#### [TASK TO CARRY OUT]
The reply should reproduce every line of the data below word for word, minus any images.

Top of INPUT DATA

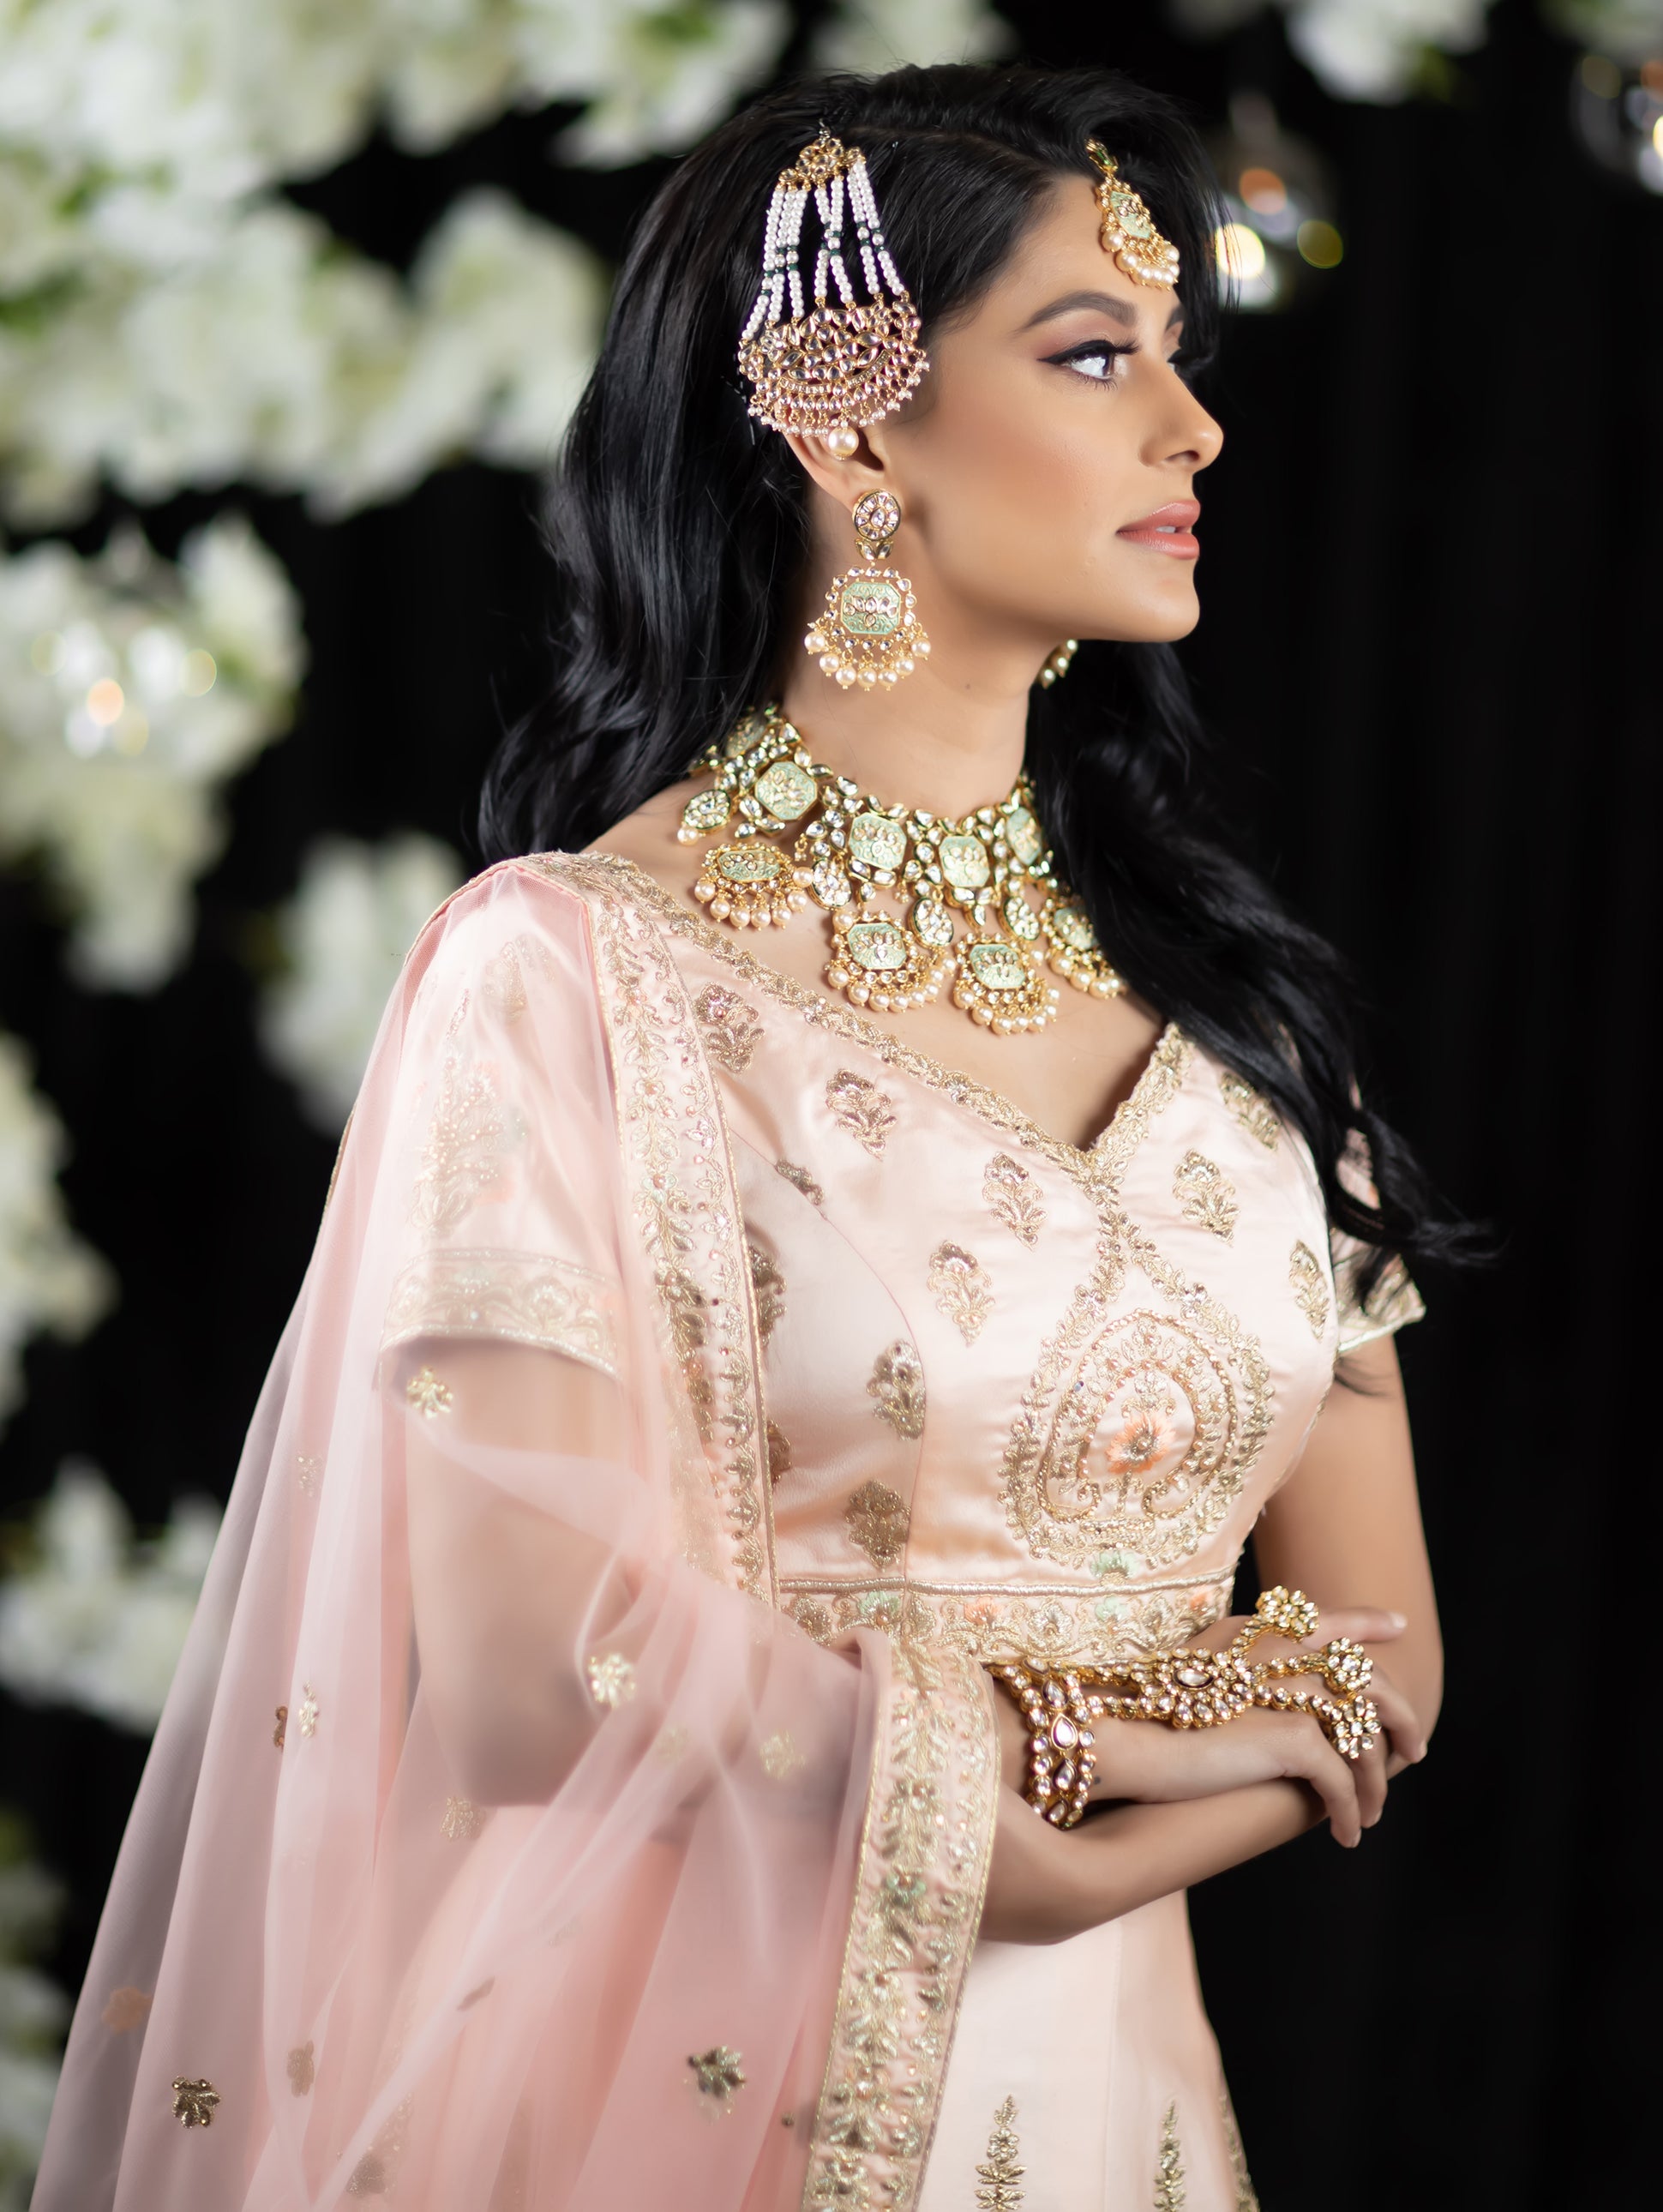 Pin by Hana Hamad on Dresses | Lehenga hairstyles, Traditional dresses,  Indian wedding outfits
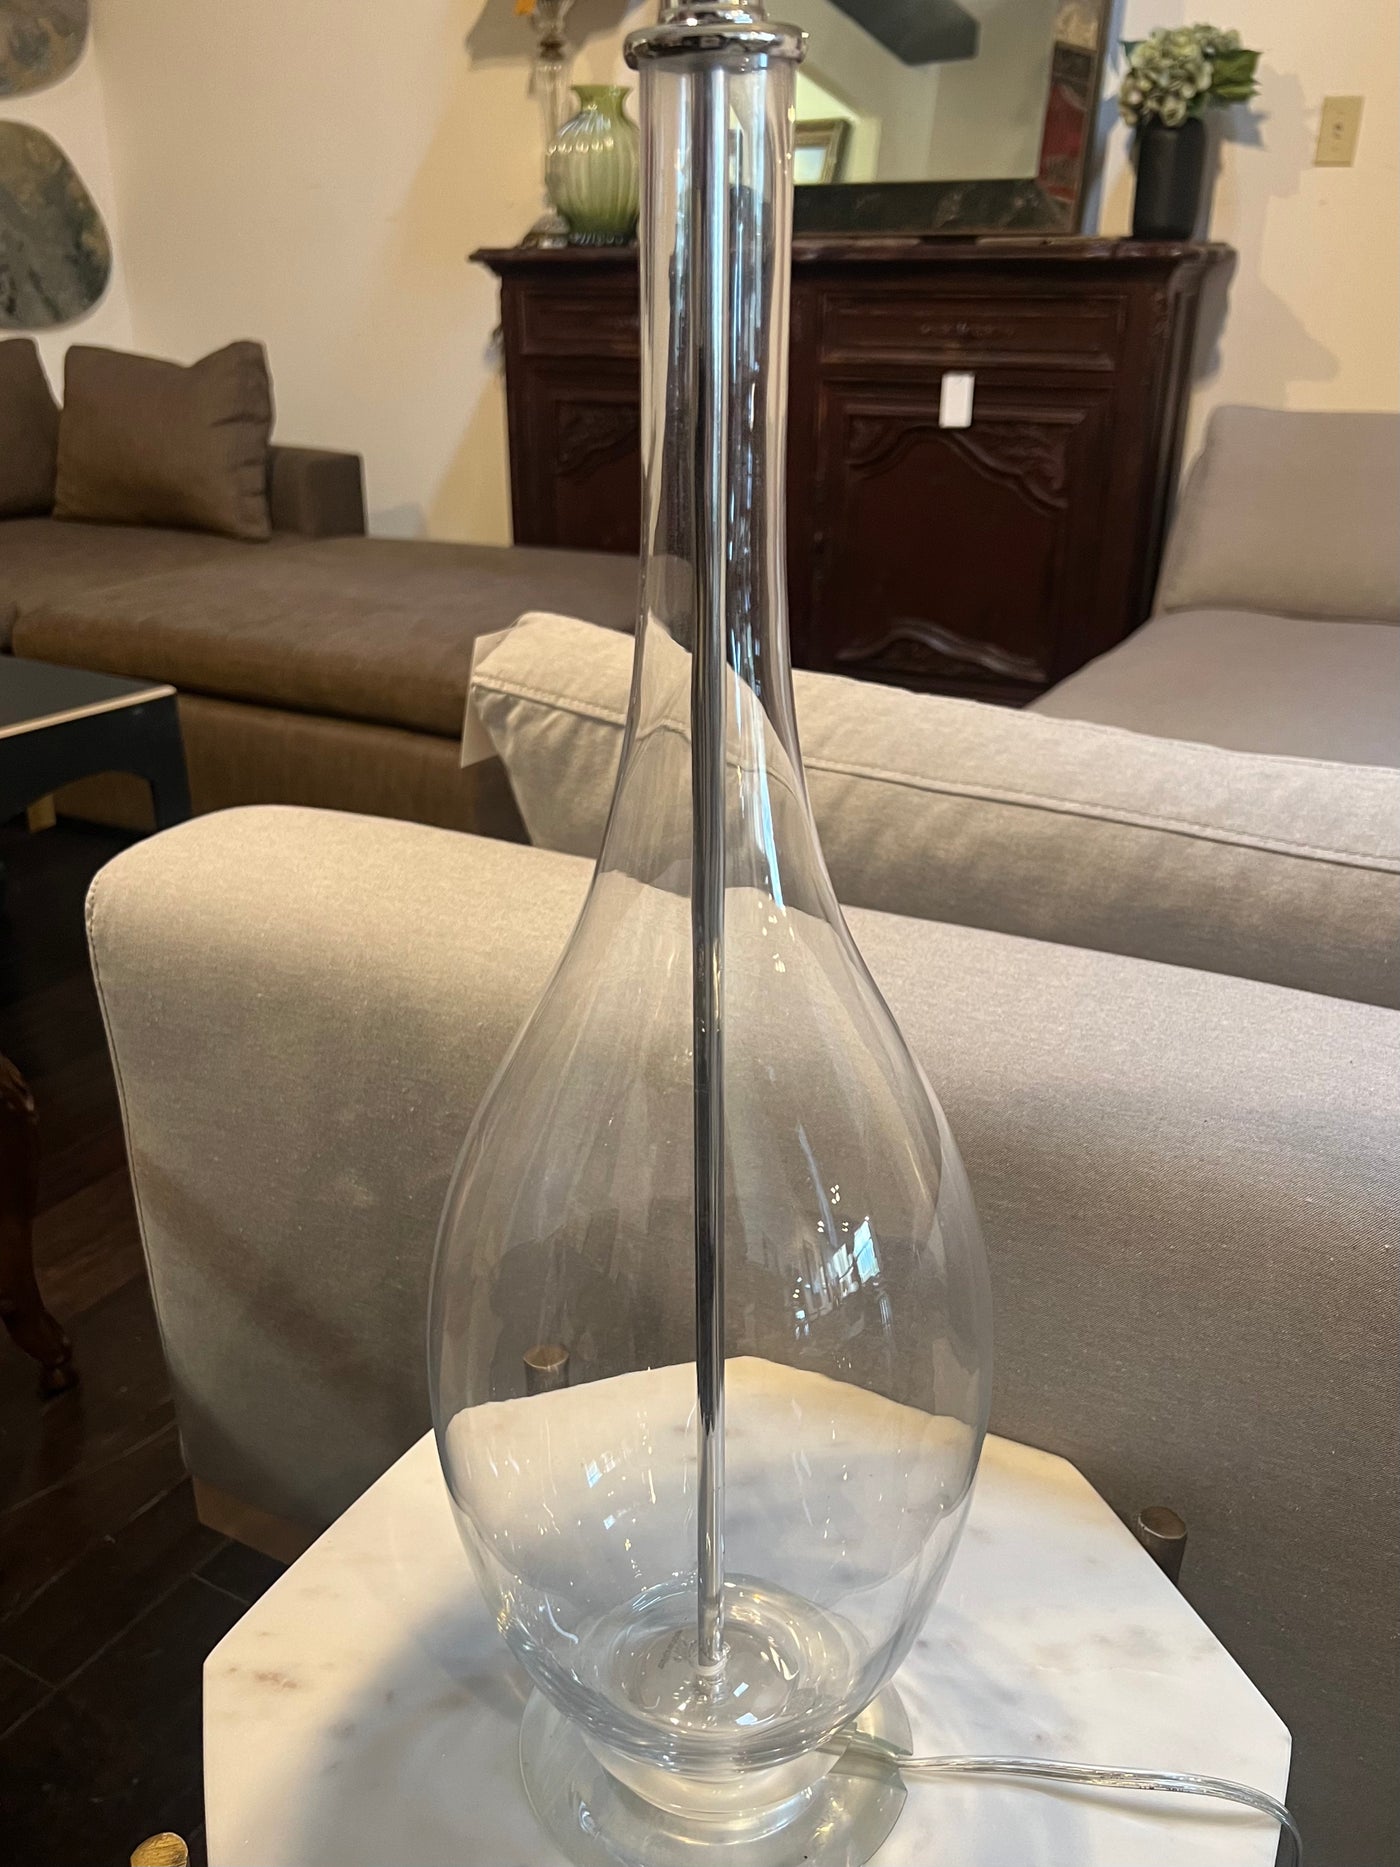 Contemporary Glass Table Lamp
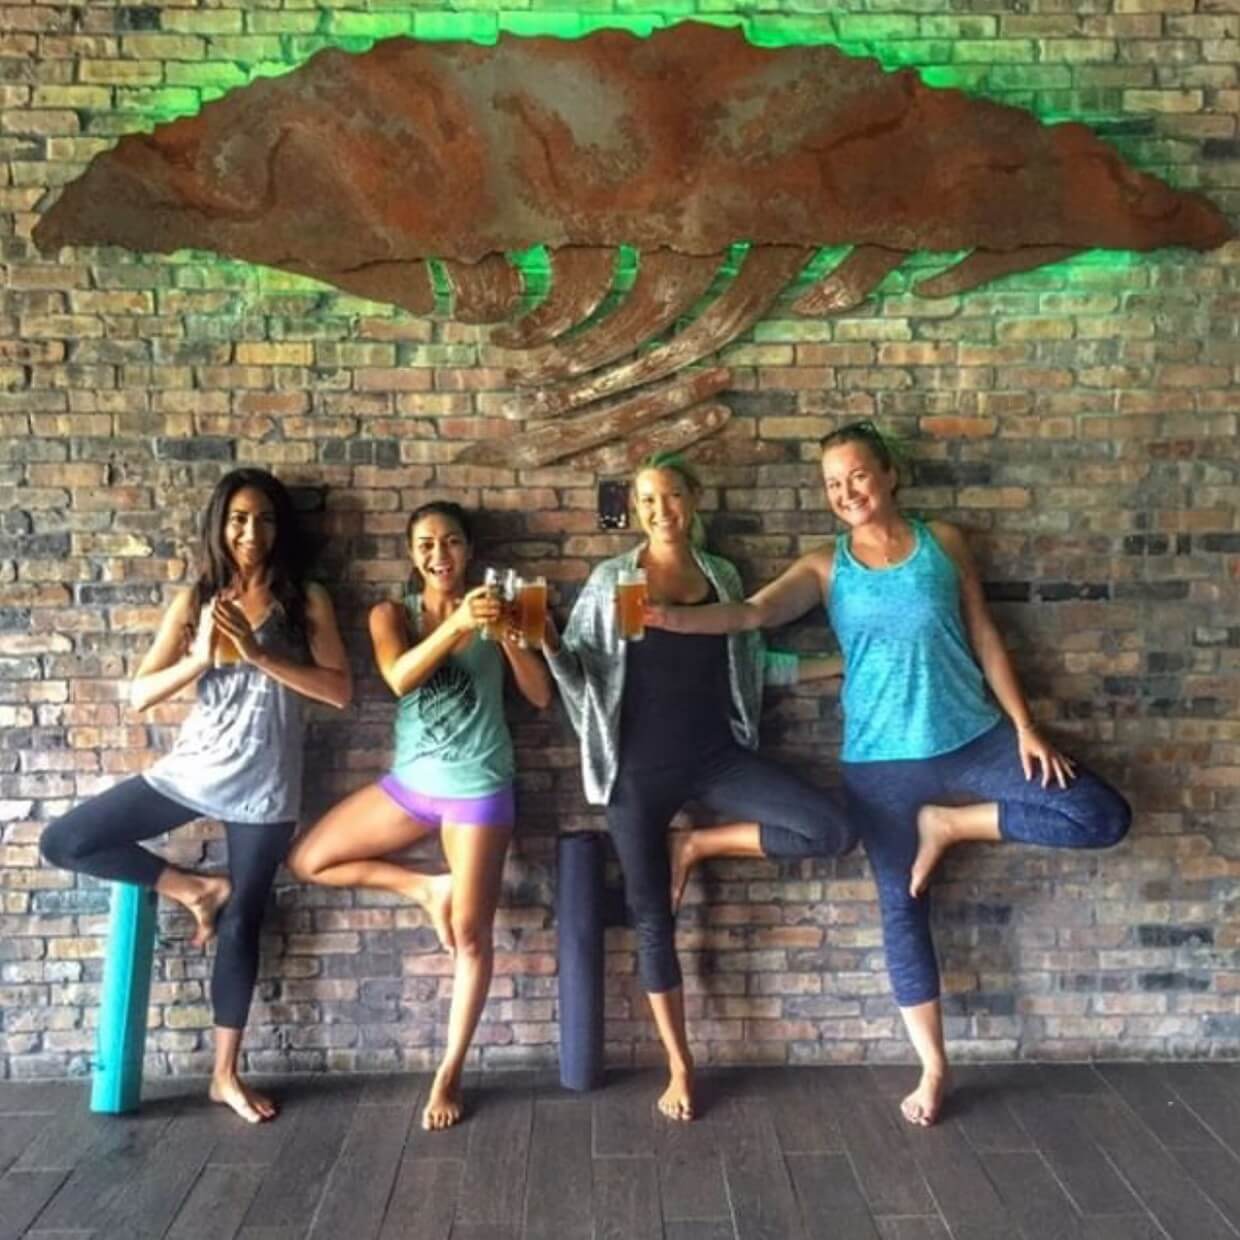 Beer Yoga at Twisted Trunk Brewery in Palm Beach Gardens Florida

Bottom of INPUT DATA

#### [RESPONSE]
 Pin by Hana Hamad on Dresses | Lehenga hairstyles, Traditional dresses,  Indian wedding outfits
 Contemporary Glass Table Lamp
 Beer Yoga at Twisted Trunk Brewery in Palm Beach Gardens Florida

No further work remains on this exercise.